Dia mencontohkan manfaatnya untuk tanaman dn lingkungan, penggunaan mikroba terbaik yang sudah dipilih ditanah untuk mengurai seresa-seresa padi ataupun jagung akan menjadikan seresa terkomposisi secara capat dan menjadi sumber nutrisi baru bagi tanaman.

”Dengan cara sederhana ini dampaknya maka tidak perlu lagi ada pemupukan untuk tanah dan ini akan menghemat biaya produksi” ulas Dr. Anton

Dr. Anton memaparkan Secara teknis untuk memproduksi secara massal mikoriza, yang perlu dipersiapkan yaitu tanah dan pasir, dimana kombinasinya satu kilo tanah dengan satu kilo pasir, bahan pertama ini tempat tumbuhnya mikoriza.

Oleh karena itu, tanah dan pasir harus disterilkan dengan cara dipanaskan dengan bahan apapun bsepertimemakai tong, panci menanak nasi  yang prinsipnya bisa menghantar panas, bisa sejam atau setengah jam.

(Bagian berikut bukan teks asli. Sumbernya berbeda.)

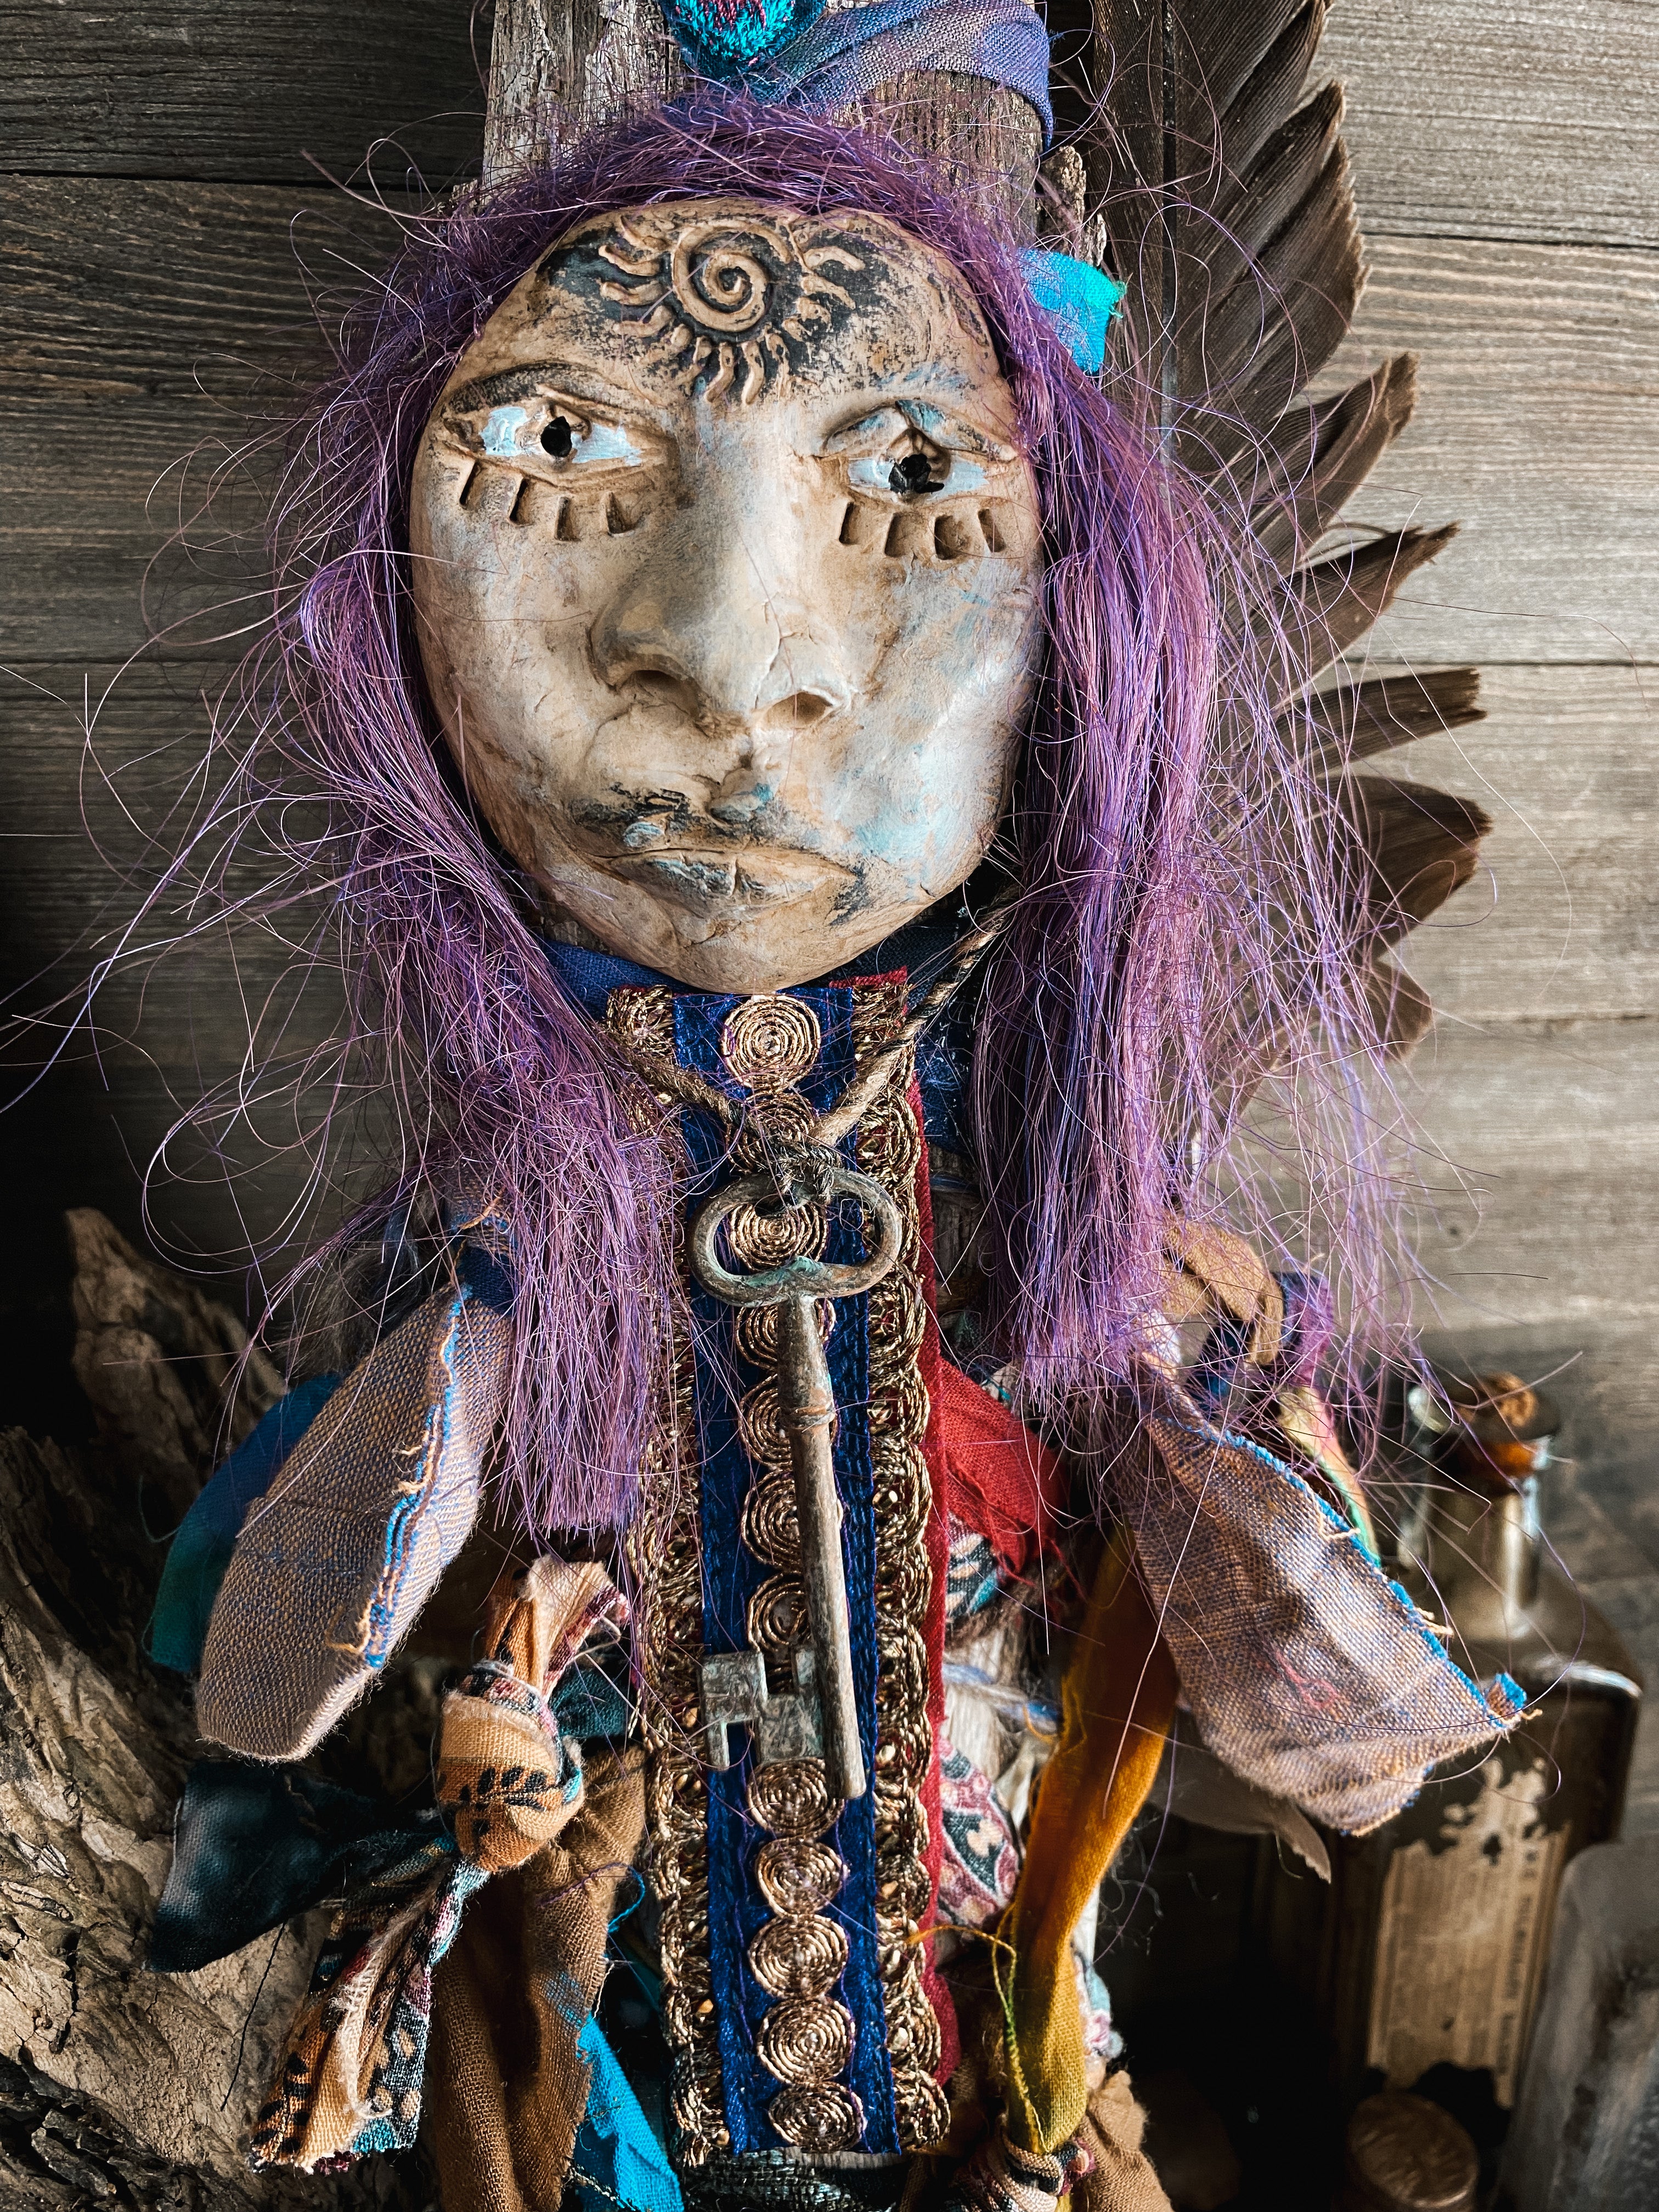 She of the Sacred Feminine - Medicine Doll for Feminine Energy, Passion and Self Love

Bahan yang kedua, adalah tanaman sebagai media berkembng biak, tanamannya bisa bermacam-macam, semisal jagung dan sawi sebagai inang atau induk bagi mikoriza, agar dapat menginfeksi.

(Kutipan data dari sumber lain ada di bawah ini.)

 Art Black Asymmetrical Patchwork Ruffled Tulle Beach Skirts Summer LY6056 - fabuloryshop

Jadi ada kerjasama antara tanaman dan tanah agar mikoriza berkembang dengan baik,

Dan bahan yang ketiga, ialah mikoriza itu sendiri, lanjut Dr. Anton. Mikoriza sendiri bisa didapatkan dengan cara isolasi sendiri atau bisa dibeli dengan harga 30 ribu sampai 50 ribu. Tergantung kualitas spora isolat mikoriza itu sendiri.

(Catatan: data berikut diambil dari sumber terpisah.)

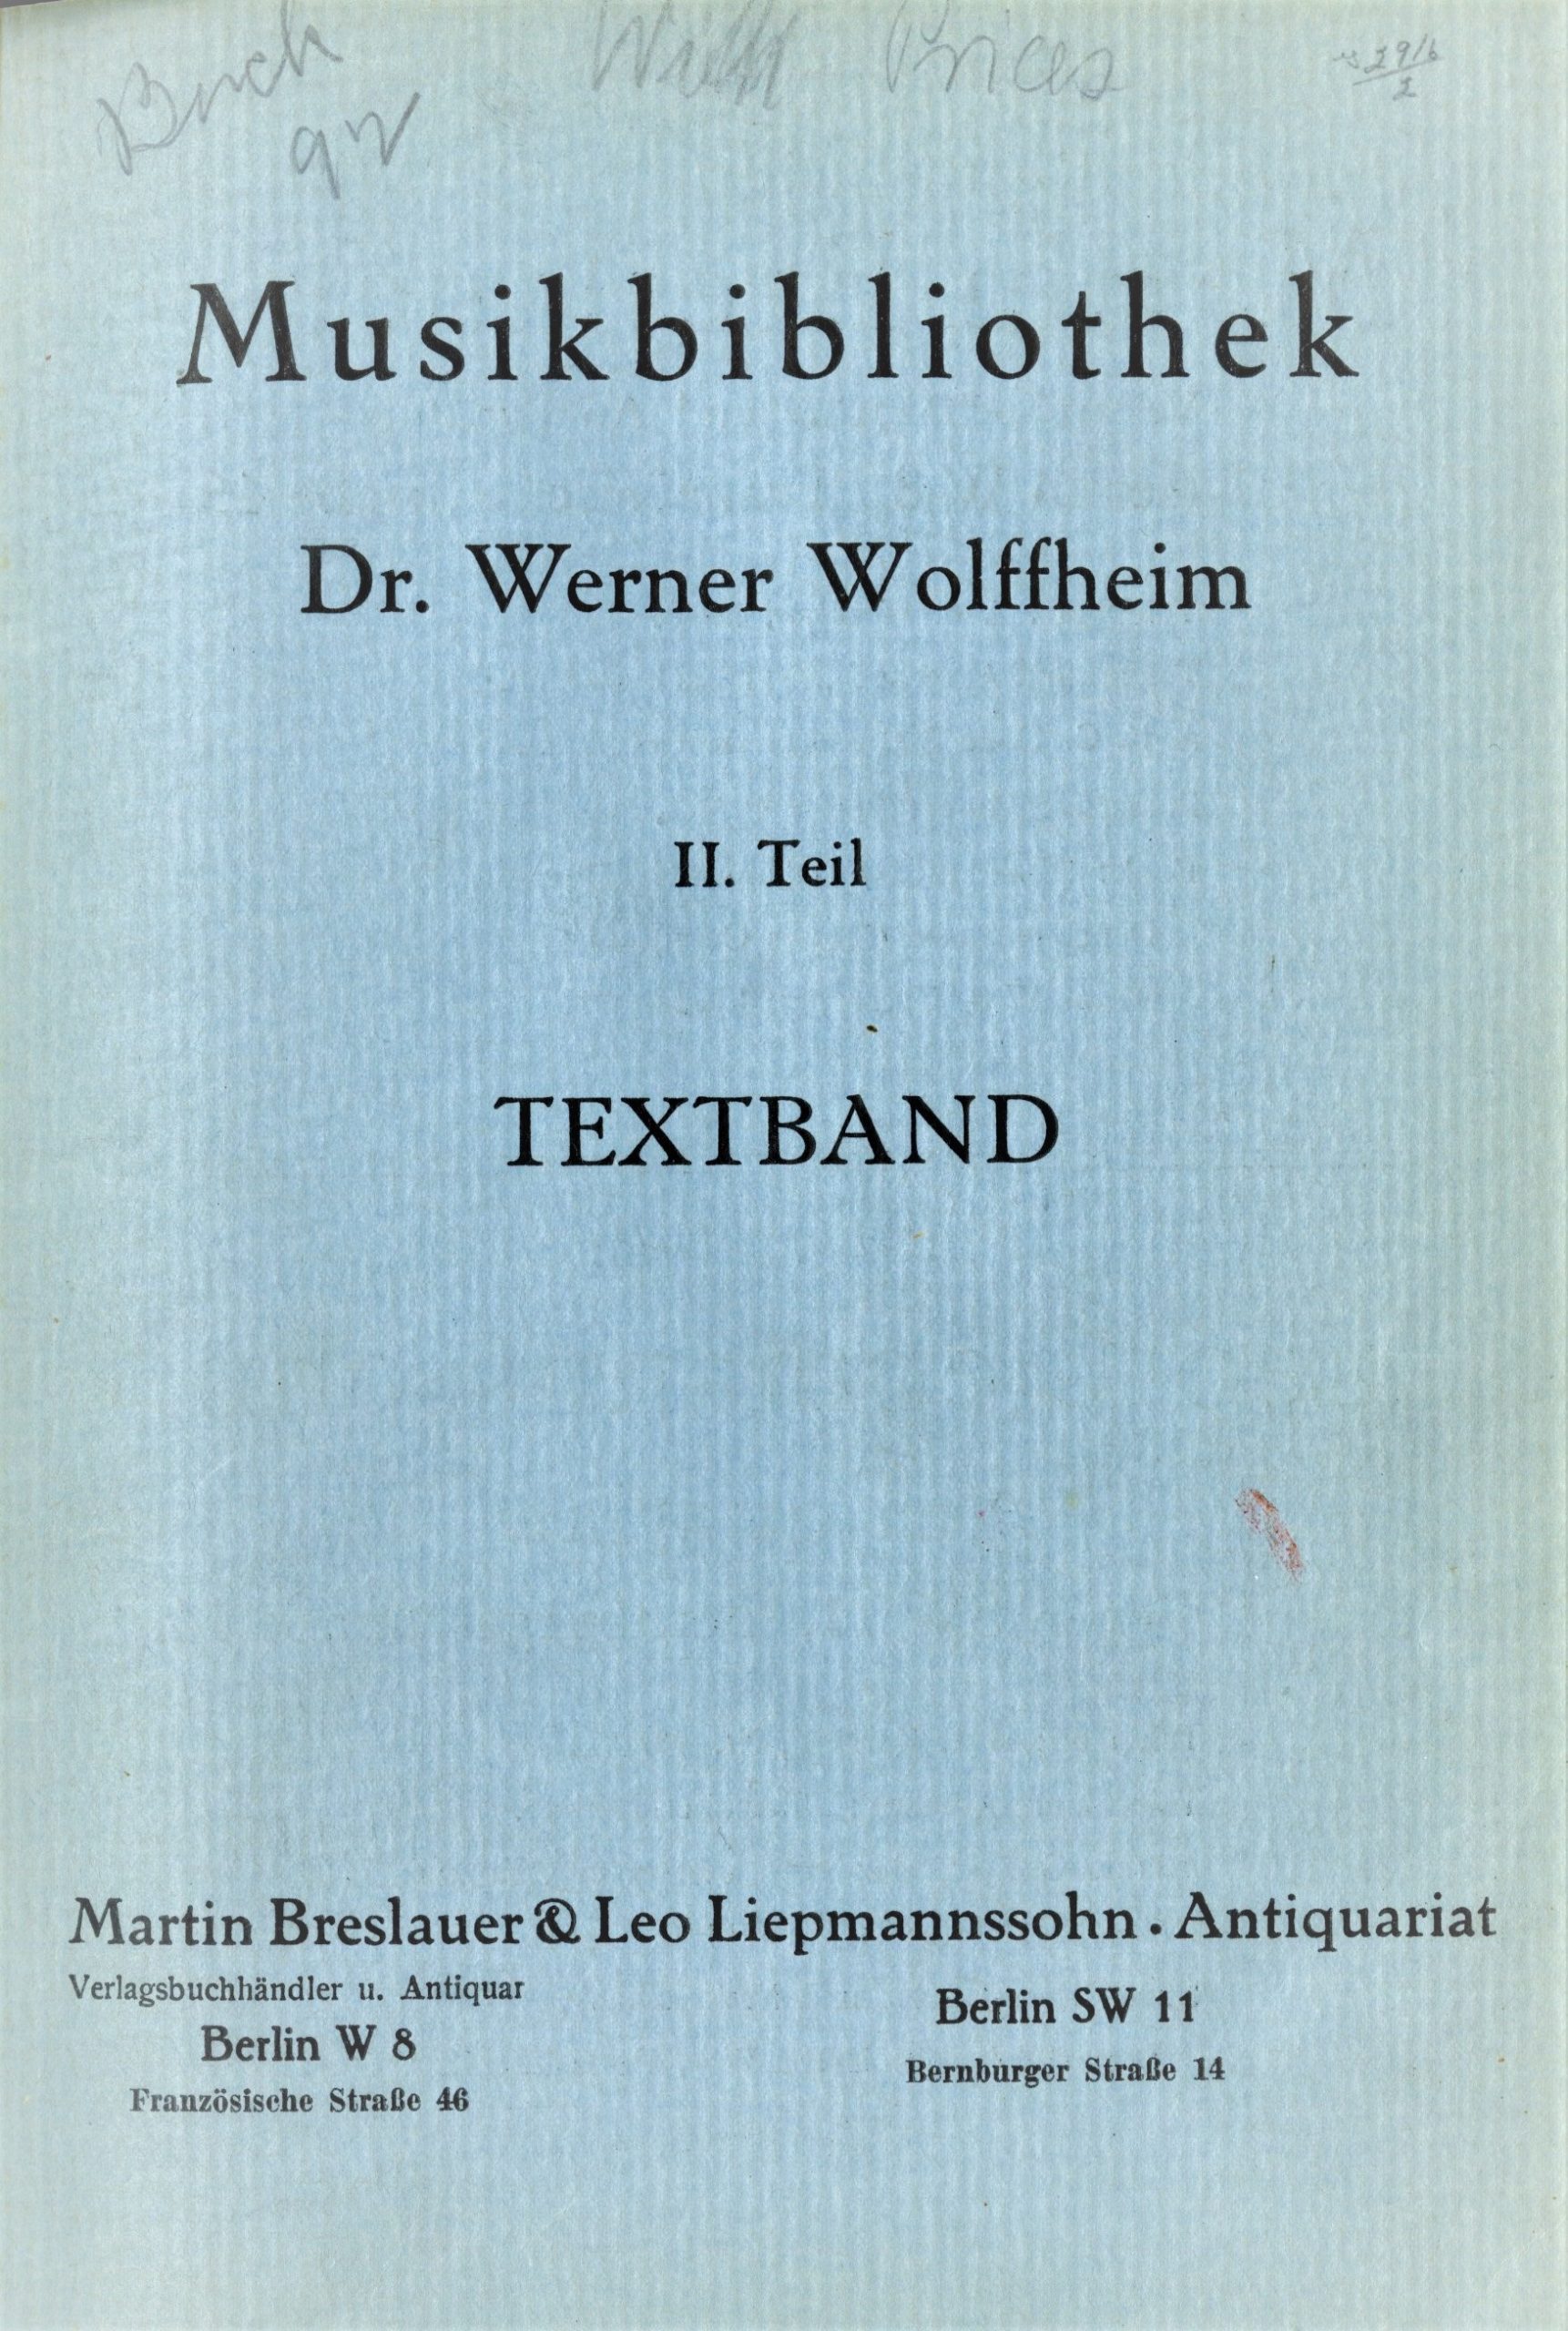 Wolffheim auction catalog vol 2, cover

Dr. Anton menjelaskan, memilih jagung sebagai Tanaman yang paling tepat sebagai inang bagi mikoriza karena ukuran akarnya pas, selanjutnya  pada saat penanaman 2-3 cm di bawah biji jagung.

Ditanam seperti biasanya diatas polybag yang sudah di isi tanah dan pasir yang sudah disterilkan tadi.  Maka Setelah akar jagung tumbuh dan menyentuh mikoriza otomatis akan terinfeksi. Tutur Pria berkacamata ini

Selanjutnya, setelah 2 sampai 3 bulan  jagung tetap dibiarkan tanpa pemupukan  kita akan panen dan mendapatkan ribuan kali lipat dari jumlah mikorza awal yang ditanam, secara teoritis jika kita menabur 10 gram mikoriza pada benih jagung makan kita memperoleh 1 hingga 3 kilo mikoriza. ungkapnya

“Hasilnya mikoriza dalam jumlah besar tersebut dapat diaplikasikan dengan cara sama tadi untuk tanaman jagung atau tanaman lainnya. Karenanya, mikoriza ini berfungsi mencarikan air, mineral dan unsur hara yang dibutuhkan tanaman,” Jelas Dr. Anton

Ia pun menegaskan siap mensupport dan menyediakan isolat mikoriza yang dibutuhkan untuk diproduksi massal oleh KUB secara nasional sekaligus mendampingi dan memonitor produksinya sehingga ditangan KUB  dapat terwujud ketahanan pangan nasional.